Pengertian Ruang Publik
Menurut James Siahaan dalam artielnya berjudul “ RUANG PUBLIK : ANTARA HARAPAN DAN KENYATAAN “ ruang publik diartikan sebagai ruang bagi diskusi kritis yang terbuka bagi semua orang. Pada ruang publik ini, warga privat (private person) berkumpul untuk membentuk sebuah publik dimana nalar publik ini akan diarahkan untuk mengawasi kekuasaan pemerintah dan kekuasaan negara. Lebih lanjut, ruang publik dalam hal ini terdiri dari media informasi seperti surat kabar dan jurnal. Disamping itu, juga termasuk dalam ruang publik adalah tempat minum dan kedai kopi, balai pertemuan, serta ruang publik lain dimana diskusi sosio-politik berlangsung.

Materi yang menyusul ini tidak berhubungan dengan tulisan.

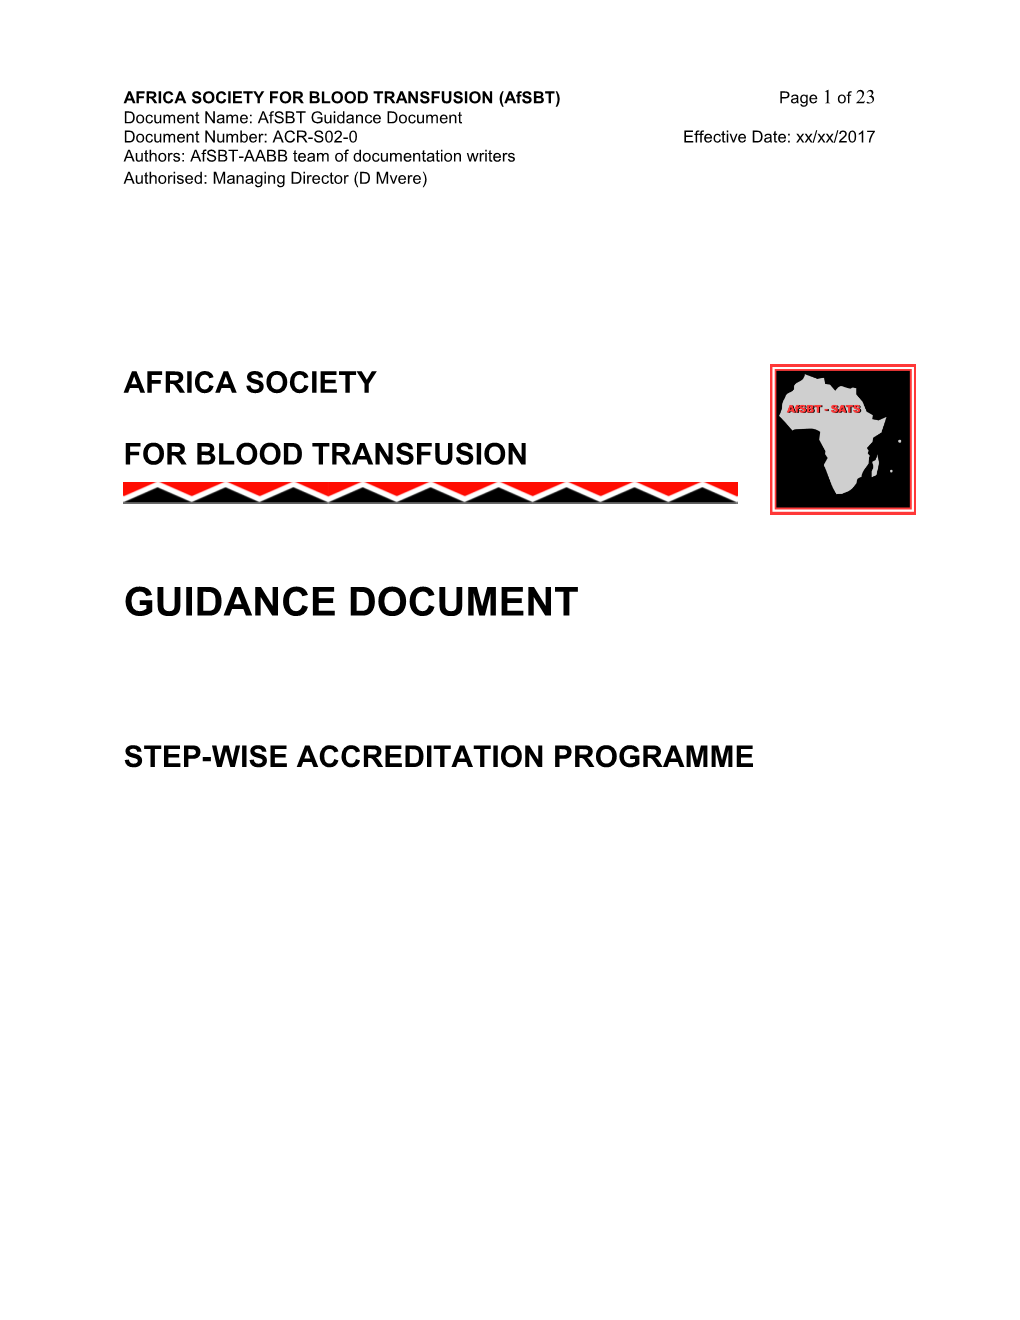 Africa Society for Blood Transfusion Standards Guidance Document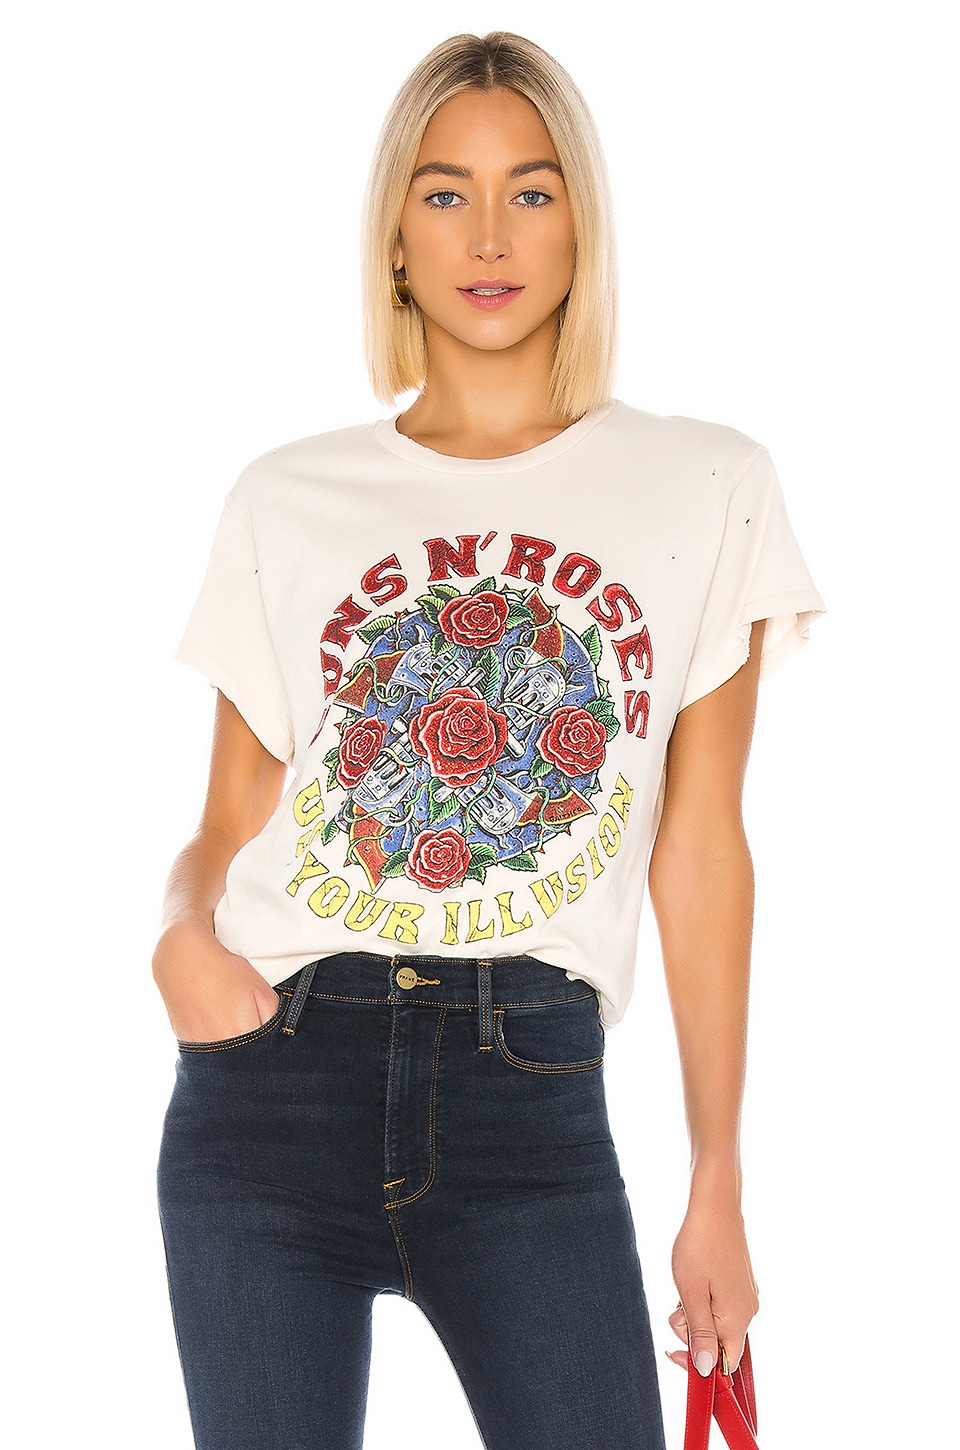 Madeworn Guns N Roses Use Your Illusion Tee in Dirty White | REVOLVE

Lebih lanjut Siaahaan menuturkan bahwa ruang publik ditandai oleh tiga hal yaitu responsif, demokratis, dan bermakna. Responsif dalam arti ruang publik adalah ruang yang dapat digunakan untuk berbagai kegiatan dan kepentingan luas. Demokratis, artinya ruang publik dapat digunakan oleh masyarakat umum dari berbagai latar belakang sosial, ekonomi, dan budaya serta aksesibel bagi berbagai kondisi fisik manusia. Bermakna memiliki arti kalau ruang publik harus memiliki tautan antara manusia, ruang, dan dunia luas dengan konteks sosial.
Sementara itu, secara spasial ruang publik didefinisikan sebagai tempat dimana setiap orang memiliki hak untuk memasukinya tanpa harus membayar uang masuk atau uang lainnya. Ruang publik dapat berupa jalan (termasuk pedestrian), tanah perkerasan (pavement), public squares, dan taman (park). Hal ini berarti bahwa ruang terbuka hijau (open space) publik seperti jalan dan taman serta ruang terbuka non-hijau publik seperti tanah perkerasan (plaza) dan public squares dapat difungsikan sebagai ruang publik.